In January, the US Supreme Court said it was temporarily halting the execution of three Oklahoma inmates who are challenging the state's lethal injection procedure.
The method has been under intense scrutiny since the flawed April 2014 execution of convicted murderer Clayton Lockett. He could be seen twisting on the gurney after death chamber staff failed to place the needle into him properly. The execution was halted and Lockett died about 45 minutes after it started due to a buildup of lethal injection chemicals in his tissue.

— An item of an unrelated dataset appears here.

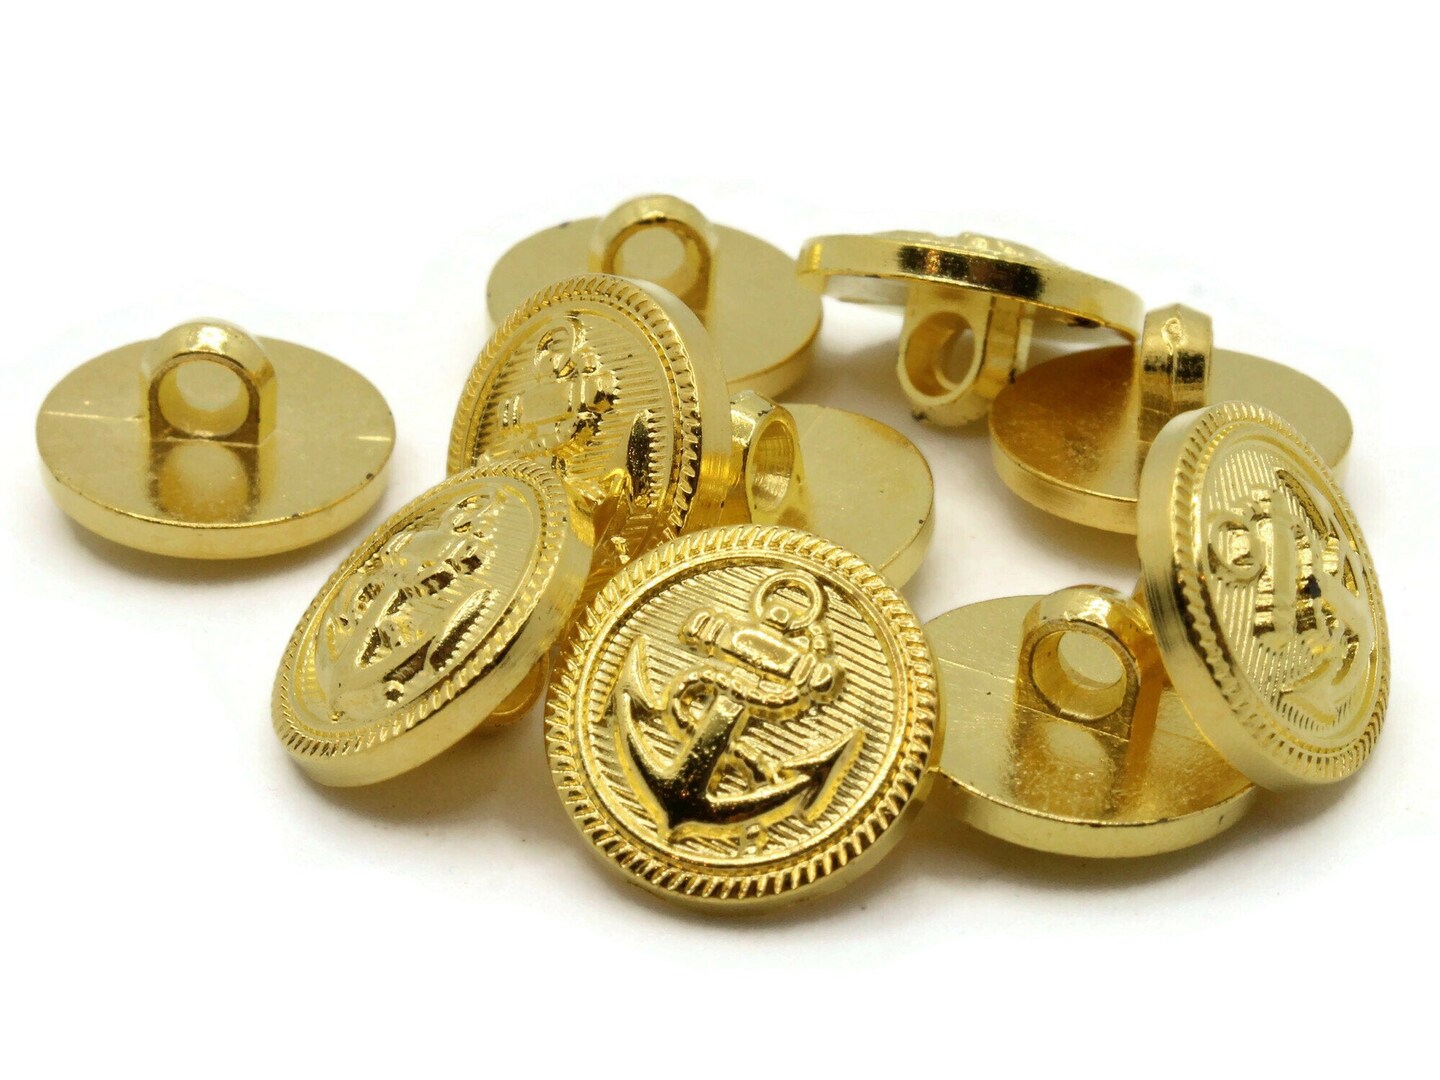 10 15mm Anchor Buttons - Plastic Gold Shank Buttons

Yet despite the politicians claims that nitrogen asphyxiation is safe and painless, it appears there is little hard data on its use; no other state uses this method for putting inmates to death although a commission in Louisiana recently recommended using nitrous gas to kill condemned prisoners.
"I think you have to be concerned about that," Robert Dunham, of the Death Penalty Information Centre, told The Independent. "The absence of any scientific basis for the gas reduces the execution to an experiment and we do not know what will happen."
The Washington Post said Mr Christian commissioned a report from East Central University which recommend it as "a humane method to carry out a death sentence". However, the paper said none of those who carried out the study had a background in medicine or biology while one of the professors helped Mr Christian in his election campaign.
Amid the controversy over the use of lethal injections, many states have been looking to secure an alternative method of execution. Utah, which outlawed death by firing squad in 2004, voted last week to reinstate it while Tennessee and Alabama have voted to use the electric chair as a back-up method.